Polke’s trading post was a double log cabin on the south side of Tippecanoe River, east side of Michigan Road (Old 31). In 1832 Polke established Fulton County’s first post office in this trading post and he was our first post master. The post office and village was named Chippeway. Sometimes it was spelled Chippewa but letters signed by Polke’s daughter Mary have it spelled Chippeway. That is probably how they pronounced it.

The Trail of Courage has a replica Chippeway post office which offers post cards and commemorative postal folders with history of the honored Potawatomi family each year. Visitors can write post cards and mail them there during the two-day event, the third weekend of September.

 To help with this historical marker, send check to FCHS, 37 E 375 N, Rochester IN 46975 and note it is for the Polke trading post marker.        The Girl Scouts cooked and served a pancake and sausage breakfast Aug. 27 from 7 to 10 a.m. at the Fulton County Museum for a free will donation. The metal plaque cost $600. The boulder was donated by Rex and Joan Bowen, who have lots of huge rocks on their farm. The boulder was hauled by Fulton County Highway Dept. The huge boulder at the Tippecanoe River and Old 31 erected by Manitou Chapter Daughters of the American Revolution in 1925, was hauled from Bowen’s farm, pulled by five horses.

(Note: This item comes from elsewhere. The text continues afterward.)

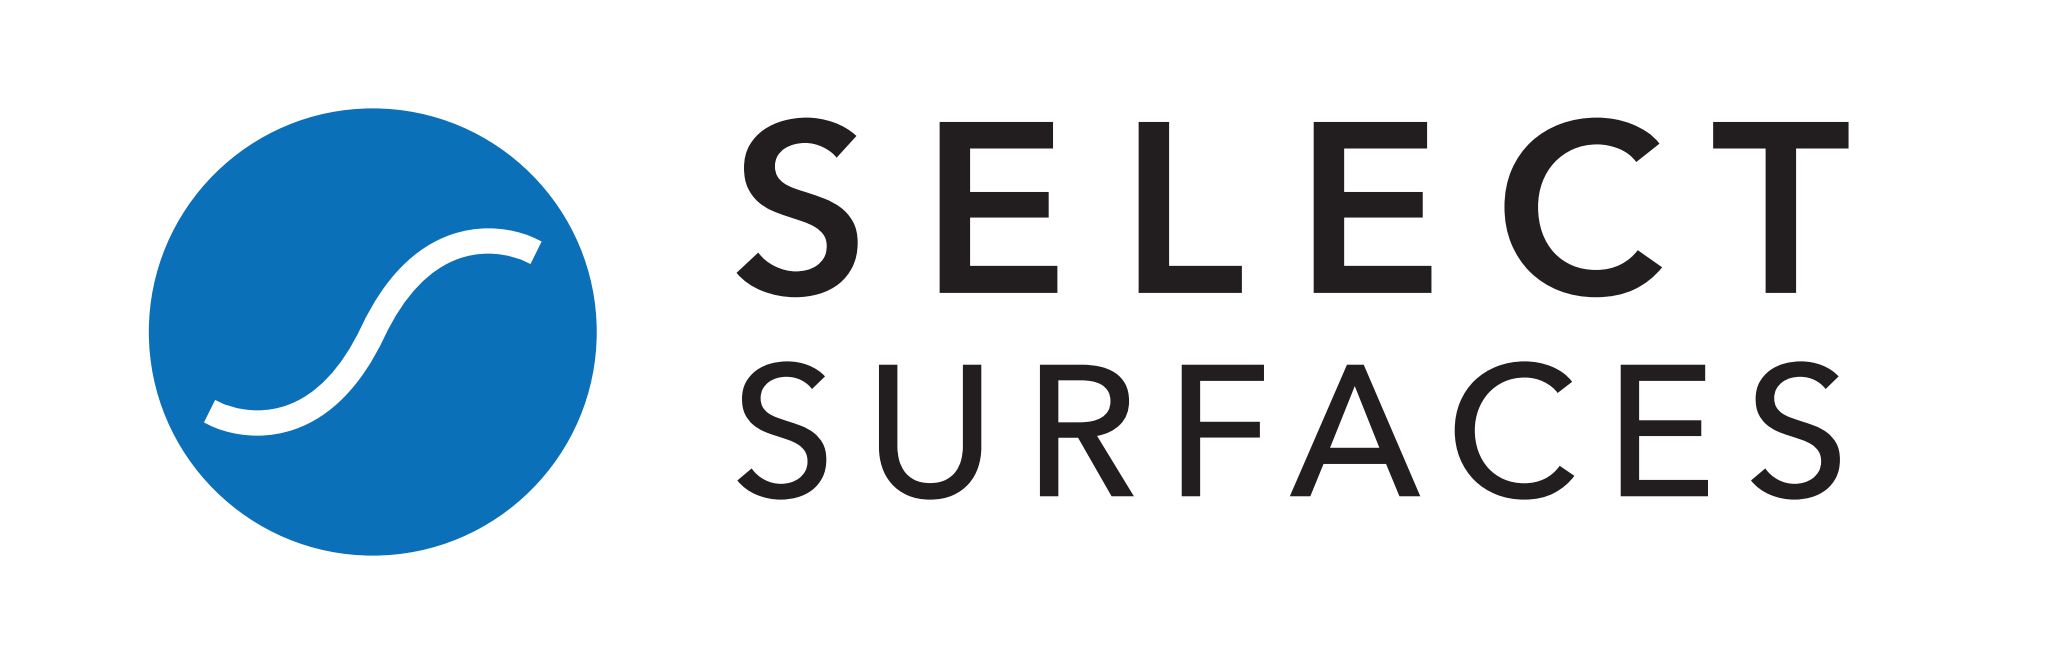 Select Surfaces

Fulton County Girl Scout Troop 43611 gather around the boulder and cast aluminum plaque commemorating William Polke trading Post on Old 31 (aka Michigan Road) and Tippecanoe River north of Rochester. From left: Sarah McIntosh, Bridget Holloway, Charla Milner, Dianna VanLue, Autumn Schaeffner,  Shelbie Risner,  Abby Cox, Katlyn Cox, Rex and Joan Bowen, Shirley Willard –Fulton County Historian. The Bowens donated the boulder from their farm in Richland Township, Fulton County, for the historical marker. The dedication was Oct. 5, the same day the Indiana Bicentennial Torch Relay went through Rochester. Shirley Willard is wearing her Torch Bearer outfit.

William Polke was a member of the Indiana State Constitutional Convention in 1816. He was the federal conductor on the Potawatomi Trail of Death, the forced removal that marched the Potawatomi down Rochester’s Main Street Sept. 5, 1838. The historical marker was a Bicentennial Legacy Project. We celebrated Polke’s life and achievements as Commissioner of the Michigan Road, but also celebrated the survival of the Potawatomi. Many of the Trail of Death descendants are members of the Citizen Potawatomi Nation, Shawnee, Ok., who are honored at the annual Trail of Courage Living History Festival each year the third weekend of Sept. at the Fulton County Historical Society grounds.